How to Reflect on Progress, Goals, Habit-Building, and Behaviour Change
- Beverley
- Jan 18
- 9 min read
Updated: 4 days ago

We often talk about setting goals, building habits and changing behaviours. We talk less about how to reflect properly while you're in it, especially when things don't go exactly to plan. In this post, I'm sharing how I reflect on progress in a structured way, using three real examples from my own work and life.
They're intentionally imperfect, because reflection isn't about proving success, it's about learning what's actually happening so you can celebrate the small wins and adjust intentionally.
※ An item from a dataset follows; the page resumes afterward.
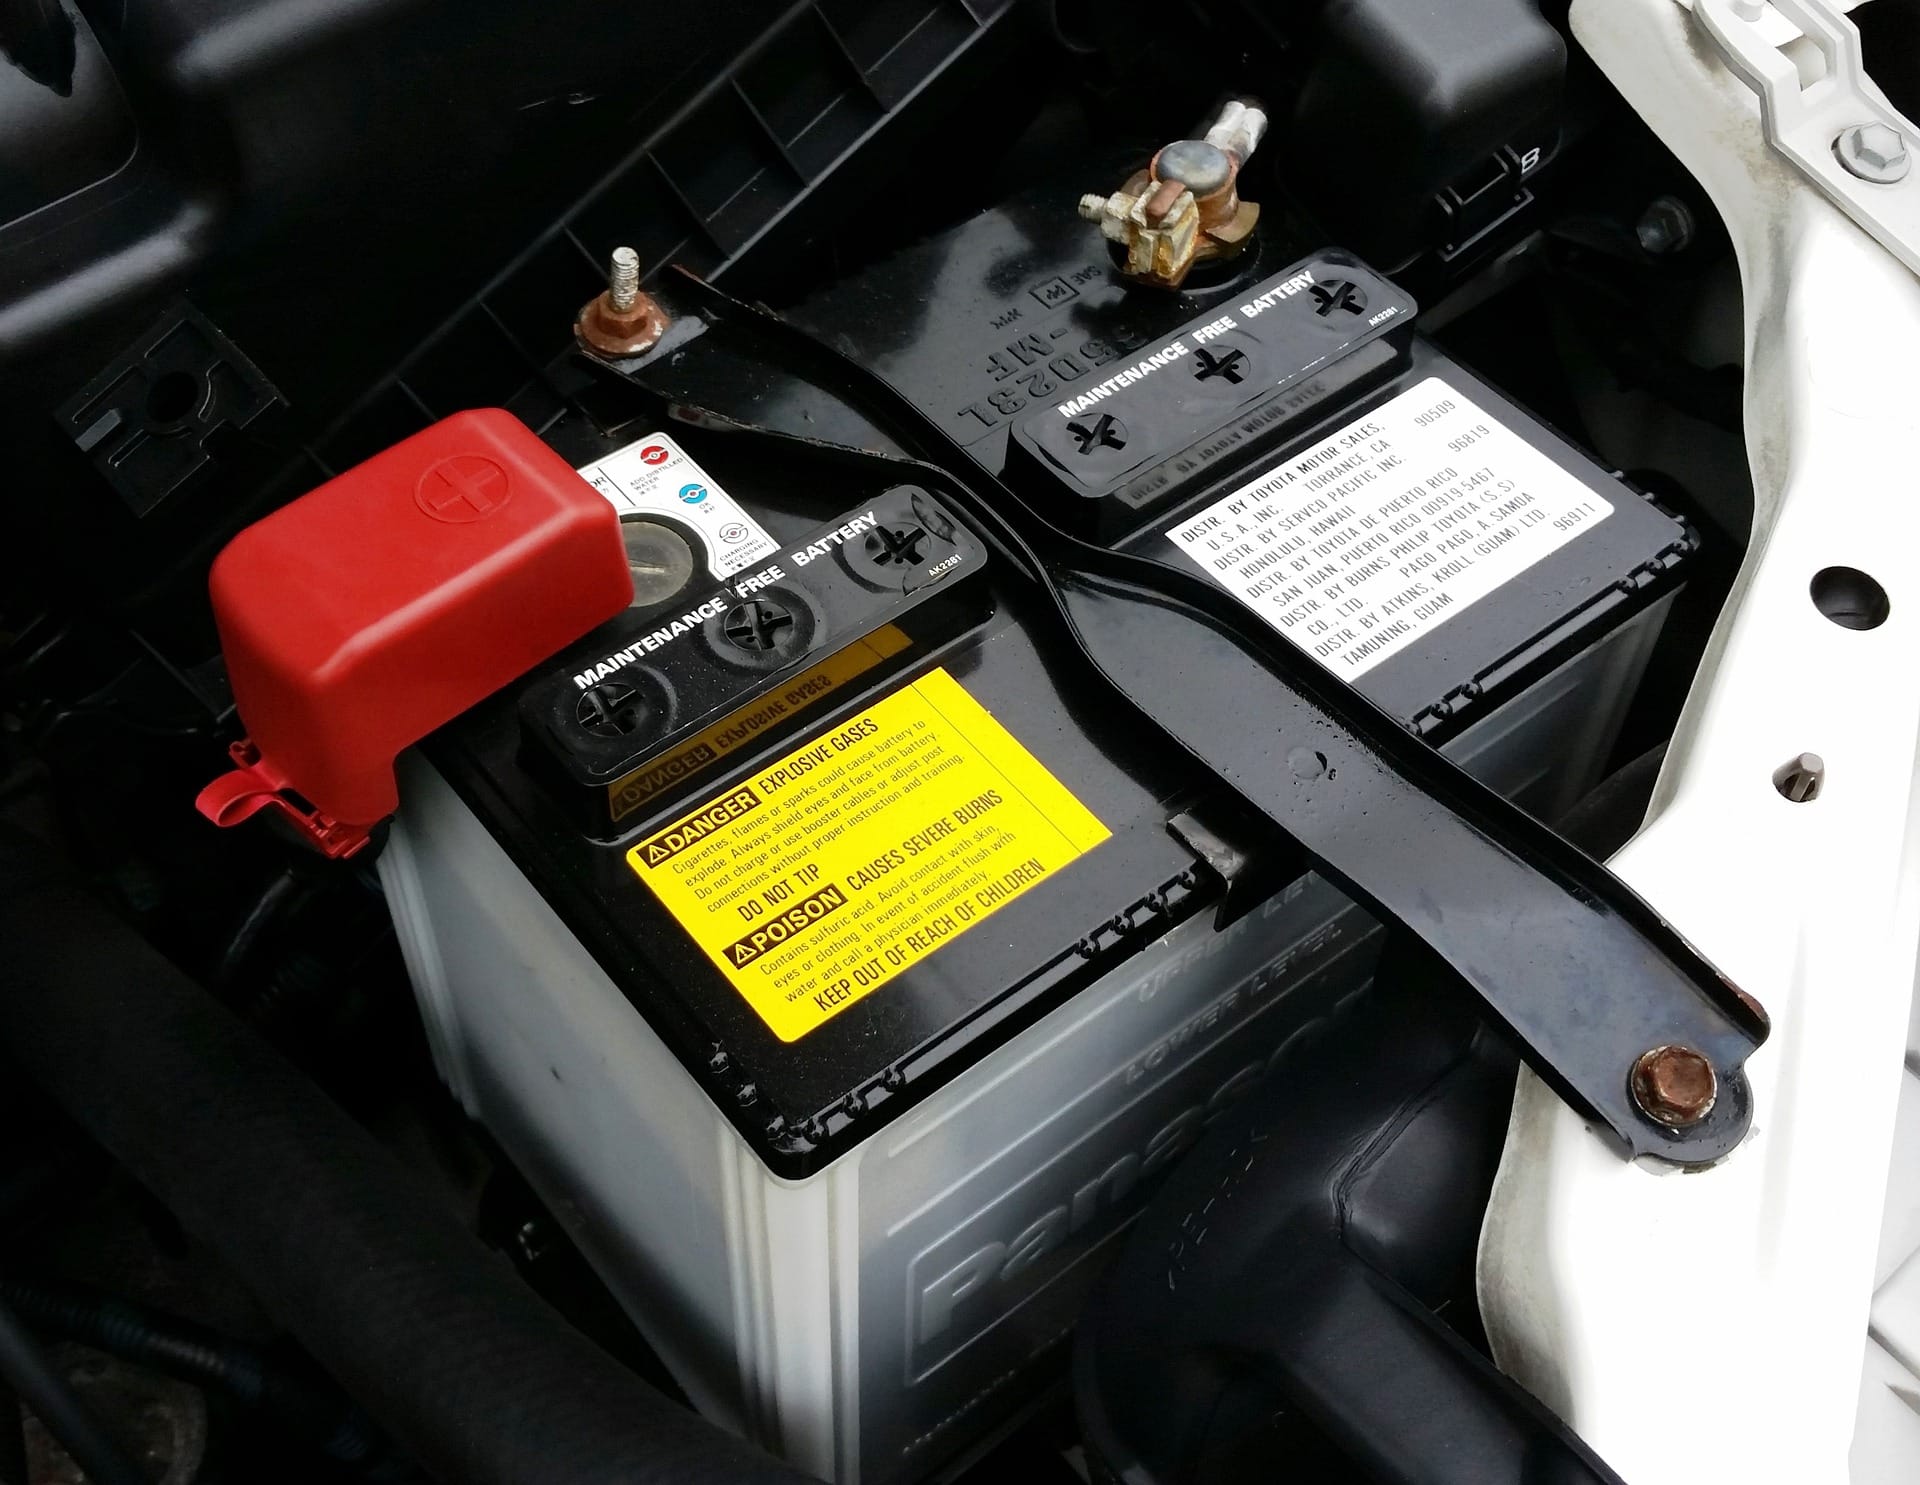 What Causes Corrosion on a Car Battery? Car Battery Corrosion Prevention So Your Engine Turns Over Every Time

Why structured reflection matters
Random thoughts can be useful, but to really learn and improve, you need structure and a framework. Useful reflection looks at:
intention vs reality
behaviour rather than personality
what's in your control vs what isn't
what to keep, adjust, or stop
How you reflect depends on what you're reviewing (the structure stays the same, but the focus changes):
Single events or projects: Focus on planning, execution, outcomes, and professional learnings
Habit-building: Focus on consistency, early wins, tools or routines, and progress over time
Behaviour change: Focus on mindset shifts, barriers, trial-and-error, and longer term impact
Why I'm sharing this as a Confidence and Communication Coach
You might wonder why I'm sharing reflections that are messy, imperfect, and reveal my struggles. As a coach, I could have polished these lessons, presented only the wins, and given a perfect image of what coaching looks like. But that's not the reality of learning, growth, or reflection.
I'm sharing this unfiltered version because real confidence and sustainable progress come from seeing what actually happens, not just what we hope happens. I want to show that reflection isn't about perfection - it's about noticing patterns, understanding behaviour and making adjustments in real time.
There can also be a subtle pressure as a coach to aways show up as "fully confident" and polished. Worried that sharing reflections like this could affect whether a client wants to work with them.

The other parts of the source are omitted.